Earnings Report /
Saudi Arabia

Shaker: Q3 22 Results Analysis | Earnings miss on lower sales and higher opex

  • Revenues decreased 0.9% yoy (-18.3% qoq) to SAR258mn, and came lower than our estimates of SAR282mn.

  • Gross margins expanded by 39bps yoy to 22.4% in Q3 22 and came higher than our estimates of 21.5%.

  • Operating expenses in absolute terms increased 4.6% yoy to SAR46.9mn and came in line with our estimates.

SNB Capital
10 November 2022
Published bySNB Capital

Shaker reported a weak set of Q3 22 results declining by 29.2% yoy (-26.9% qoq) to SAR8.5mn. This is lower than the SNB Capital and consensus estimates of SAR12.7mn and SAR13.4mn, respectively. We believe the variance in earnings is mainly driven by 1) lower-than-expected revenues which stood at SAR258mn (-0.9% yoy, -18.3% qoq) vs our estimates of SAR282mn due to weak sales from Home Appliance segment. 2) higher opex due to increased employee costs related to new hirings. However, this was partially mitigated by the improved gross margins which stood at 22.4% vs our estimates of 21.5% due to effective cost control measures. 

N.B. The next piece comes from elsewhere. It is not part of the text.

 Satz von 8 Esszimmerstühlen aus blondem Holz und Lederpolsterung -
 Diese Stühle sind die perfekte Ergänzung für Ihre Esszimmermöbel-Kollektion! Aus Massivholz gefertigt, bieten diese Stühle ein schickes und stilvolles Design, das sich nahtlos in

  • Revenues decreased 0.9% yoy (-18.3% qoq) to SAR258mn, and came lower than our estimates of SAR282mn. The variance in revenue was driven by lower sales from Home Appliance segment due to slowdown in consumer spending and inflationary pressures. AC sales in Q3 22 increased by 25.1% yoy to cSAR178mn and accounted for 69% of the top-line. Home appliances revenue decreased by 33.0% yoy to cSAR78mn, representing 31% of total sales.

  • Gross margins expanded by 39bps yoy to 22.4% in Q3 22 and came higher than our estimates of 21.5%. The yoy improvement and variance in gross margins is due to effective control of direct and input costs.

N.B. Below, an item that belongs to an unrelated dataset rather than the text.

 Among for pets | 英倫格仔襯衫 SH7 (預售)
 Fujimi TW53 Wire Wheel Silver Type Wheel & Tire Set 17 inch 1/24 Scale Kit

  • Operating expenses in absolute terms increased 4.6% yoy to SAR46.9mn and came in line with our estimates. Opex-to-sales stood at 18.2% in Q3 22 vs 17.2% in Q3 21 and vs our estimate of 16.5%. We believe the increase in opex to sales is due to higher employee costs related to new hirings.

  • Net other expenses stood at SAR2.2mn vs SAR0.3mn in Q3 21 and our estimates of SAR1.3mn. We believe the yoy increase and variance is mainly due to higher zakat expenses.

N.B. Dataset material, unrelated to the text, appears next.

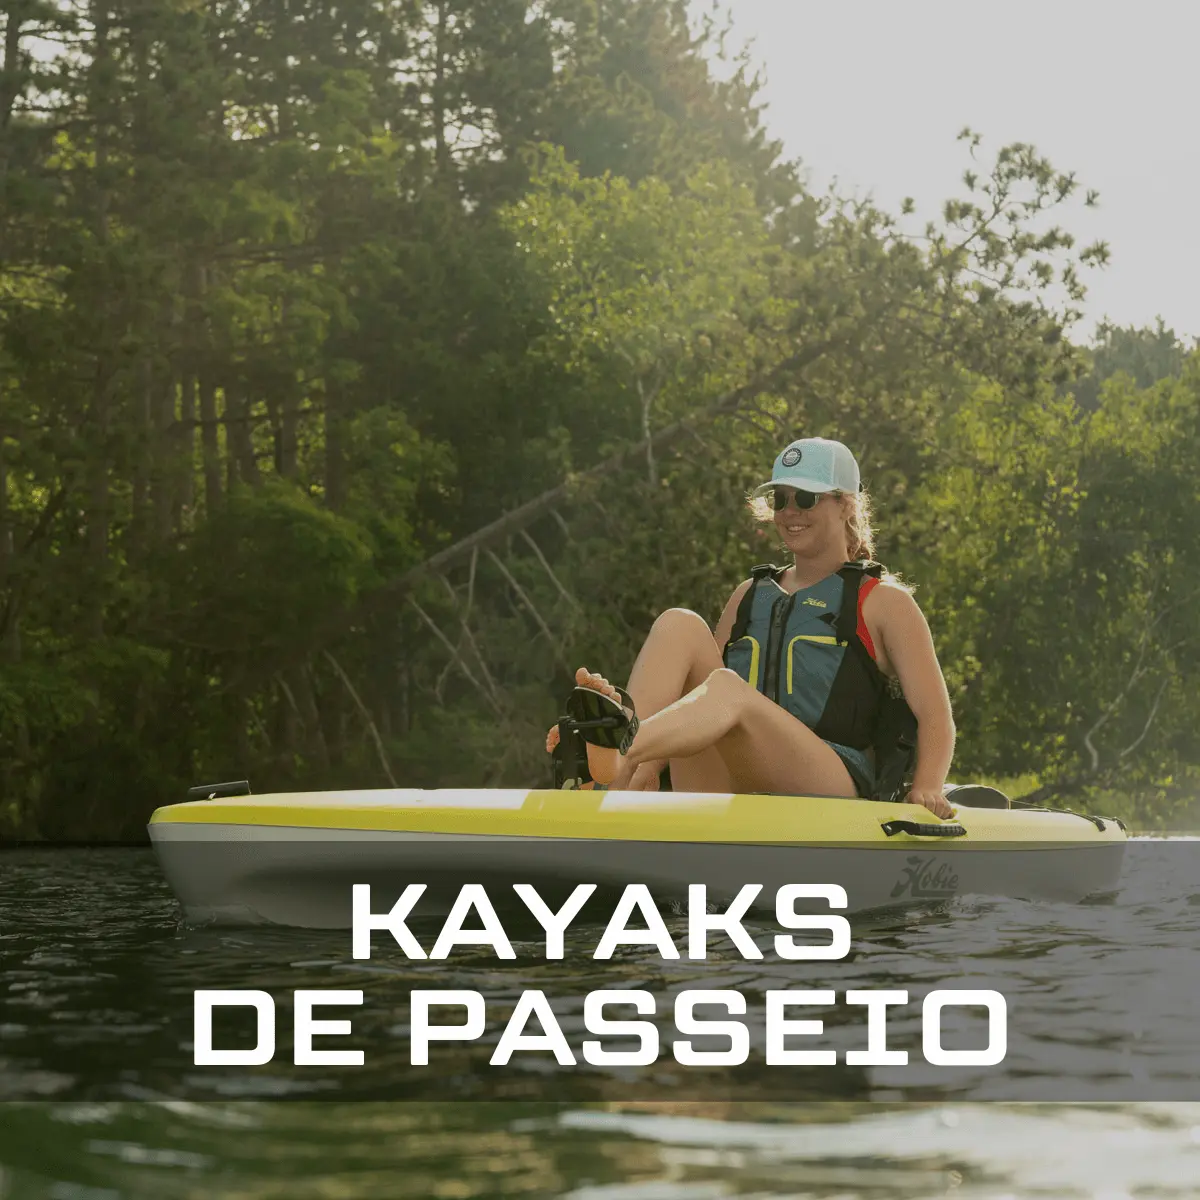 Kayaks de passeio

  • Shaker completed the 23.44% capital reduction by cancelling 14.77mn shares. Following the capital reduction, company’s capital stood at SAR482mn and shares at SAR48.2mn.

Outlook

Based on our last update, we are Underweight on Shaker with an adjusted PT of SAR20.9. We will update our PT and estimates once the full financials are published. The increase in gross margins is the key positive of the results while the decline in home appliance revenue and higher opex are the main concerns. The stock is trading at a 2023f P/E and EV/EBITDA of 27.2x and 35.2x vs peer group average of 24.2x and 16.3x, respectively.